CLARIN Café on Computer-Assisted Pragmatic Annotation of Native and Learner Corpora

, -


General Information

This CLARIN Café is organised by Nicola Brocca, Joseph Wang-Kathrein, Eva Maria Hirzinger-Unterrainer (Universität Innsbruck), Elena Nuzzo and Diego Cortés Velásquez (Università Roma Tre) in collaboration with the Austrian Academy of Sciences. The café will be hosted by Francesca Frontini.
  • Date: 12/03/2024
  • Time: 14:00 - 16:00 (CEST)
  • Venue: CLARIN virtual Zoom meeting
  • Twitter hashtag: #CLARINcafe
A full overview of planned CLARIN Café sessions can be found on the CLARIN Café page.


The corpora DisDir and Ladder consist of elicited speech-acts of cancellation and request in Italian L1 and L2, German, and Colombian Spanish. They have been collected and partially manually annotated for pragmatic research in transcultural pragmatics and second language education. Based on the aforementioned data, the project LadderWeb aims to:

  1. Train a machine-learning based software programmed for the automatic annotation of pragmatic categories in requests and cancellation in Italian L1 and L2 and the other aforementioned languages.
  2. Annotate part of the corpus with AI support and archive all the elicited data in the ARCHE CLARIN repository.
  3. Make the corpus accessible and queryable for learners and practitioners through a web interface.

Unlike previous attempts at pragmatic annotation, the LadderWeb project is based on elicited data that constrain speech acts, control extratextual contexts and allow the detection of implicit information. This makes it possible to circumvent the traditional problems associated with pragmatic annotation and distinguishes the project as a pioneering achievement in the annotation of native and learner corpora.

This presentation will highlight the steps accomplished to collect and (automatically) annotate the corpus as well as develop the code for the automatic annotation.

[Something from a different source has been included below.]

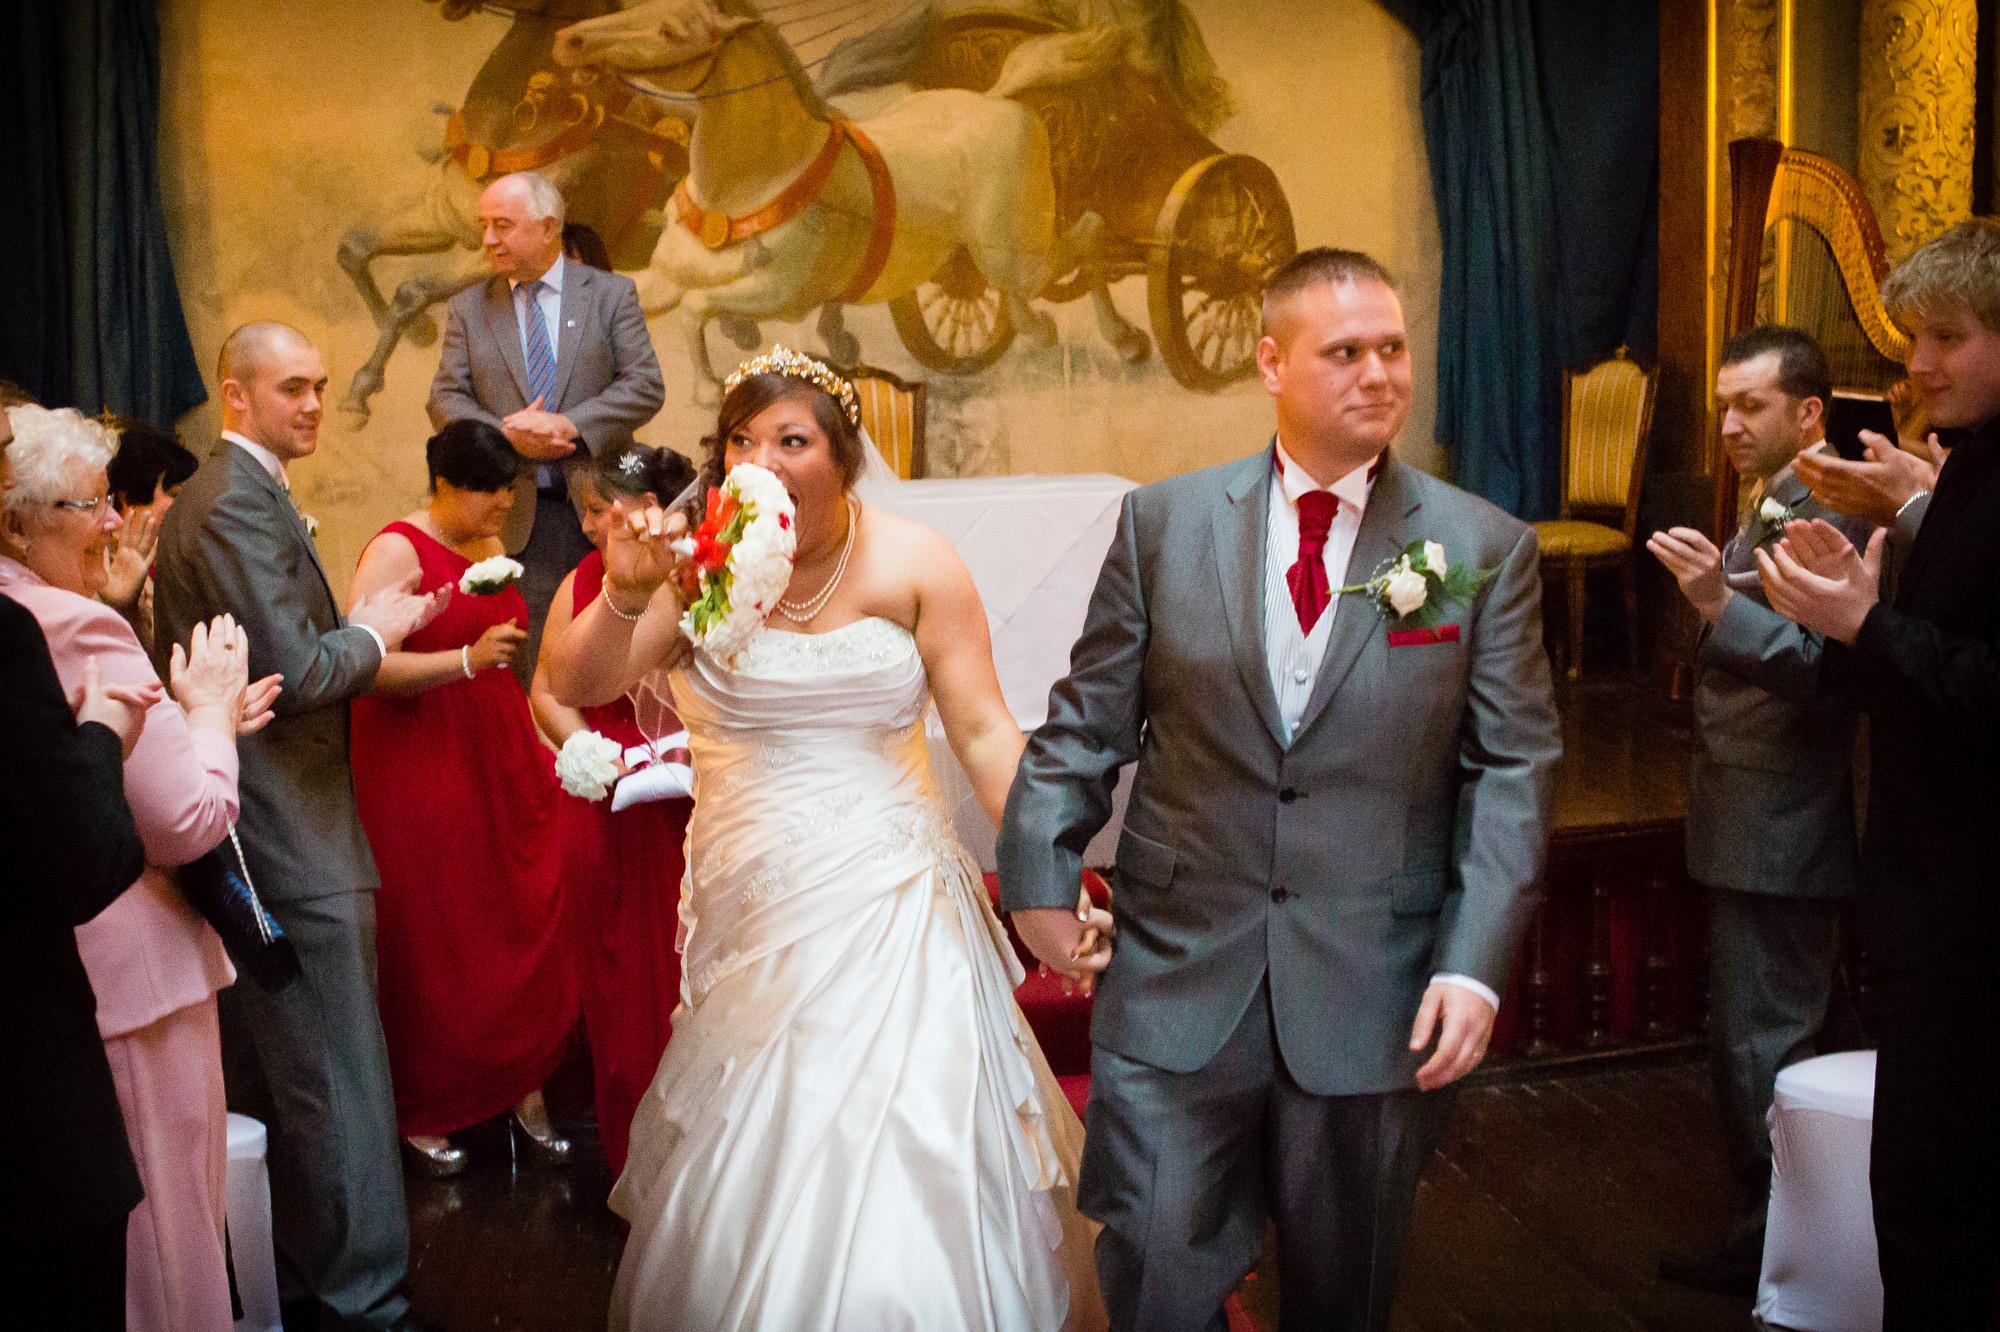 South Wales Wedding Photograher at Craig Y Nos Castle (17)
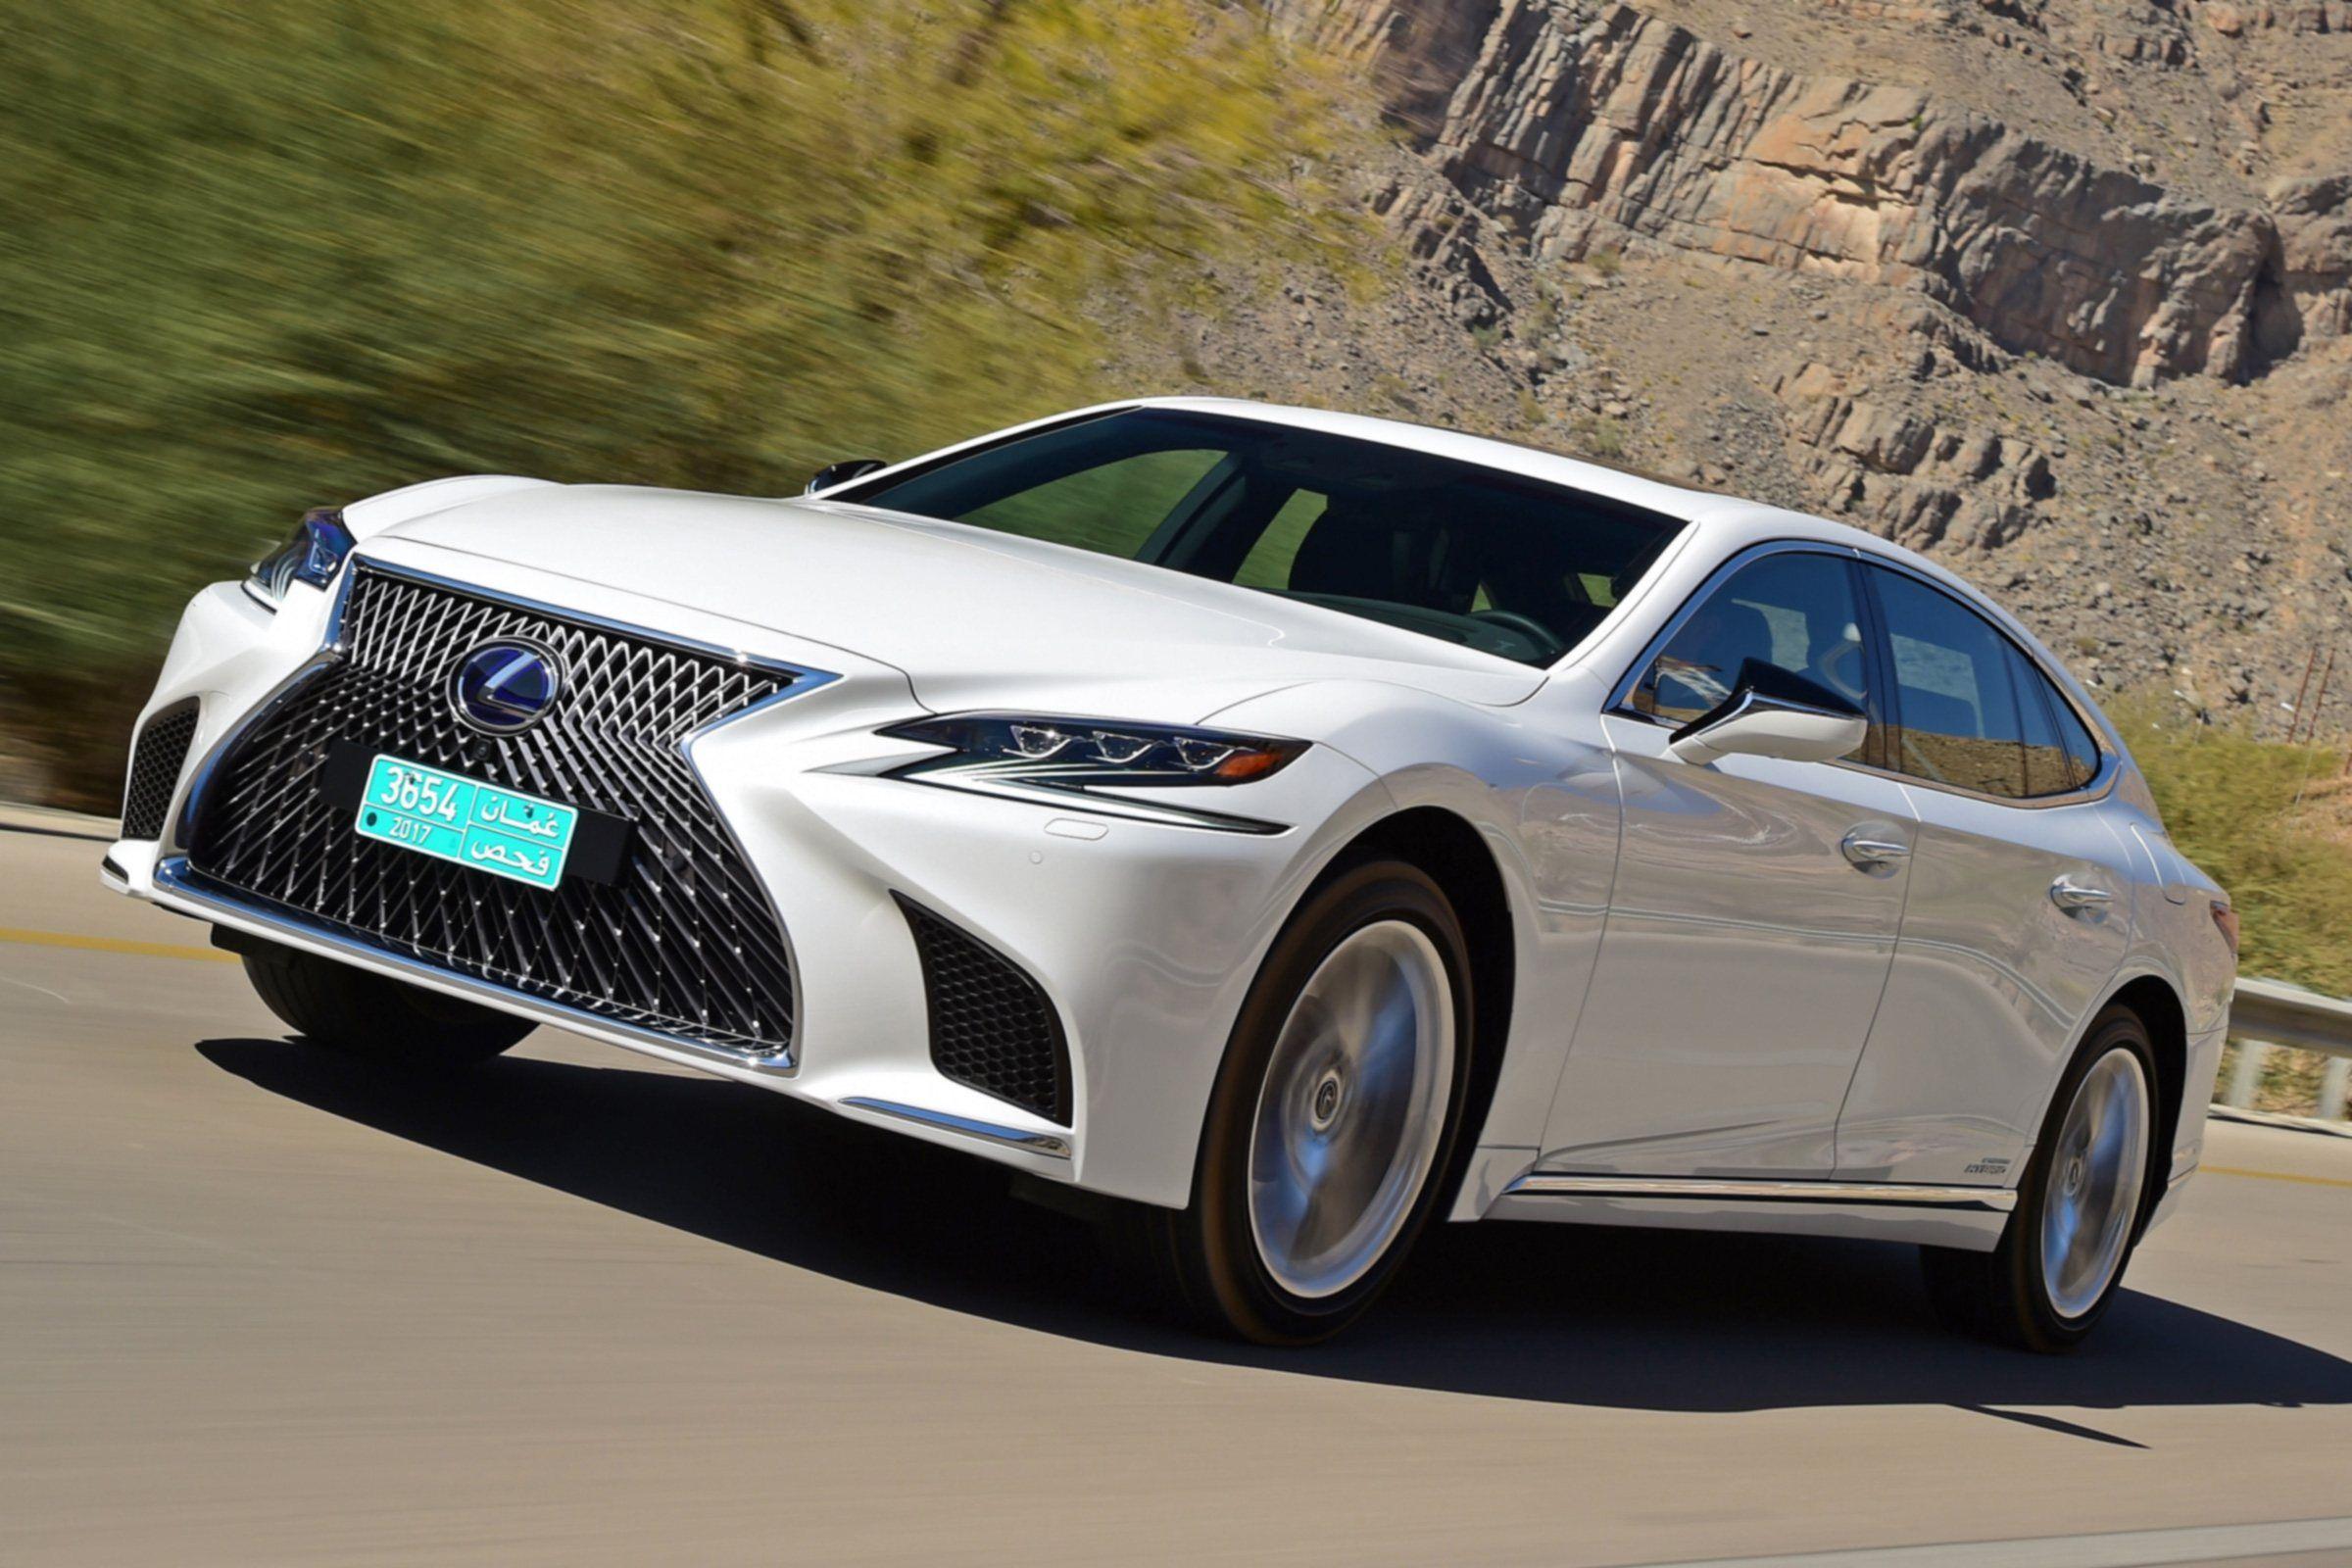 2021 Lexus Ls 460 Images in 2020 (With images) Lexus ls

It will also include a demo and best practice recommendations for educators using the web interface.

How to join

You can register for free using this link in order to receive the meeting room details. 


14:00-14:05  Opening and CLARIN 1-0-1 by Francesca Frontini, Member of the CLARIN Board of Directors

14:05-14:15  DisDir and Ladder: Aims and architecture of the corpora

Diego Cortés Velásquez, Elena Nuzzo (Roma Tre), Nicola Brocca (UIBK)

14:15-14:30  Pragmatic categories and annotation challenges

Nicola Brocca, Maria Rudigier, Valentin Spielthenner (UIBK)

14:30-14:40  Q&A

14:40-14:50  Building a machine-learning based software for the automatic annotation

Joseph Wang-Kathrein (UIBK)

14:50-15:00  Archiving according FAIR principles

Joseph Wang-Kathrein, Nicola Brocca (UIBK)

15:00-15:10  Publication and long time archiving in CLARIN, via the ARCHE repository

Seta Štuhec (ÖAW)

15:10-15:30  LadderWeb: chances for practitioners, learners and researchers

Nicola Brocca, Eva Maria Hirzinger-Unterrainer (UIBK)

15:30-16:00 Q&A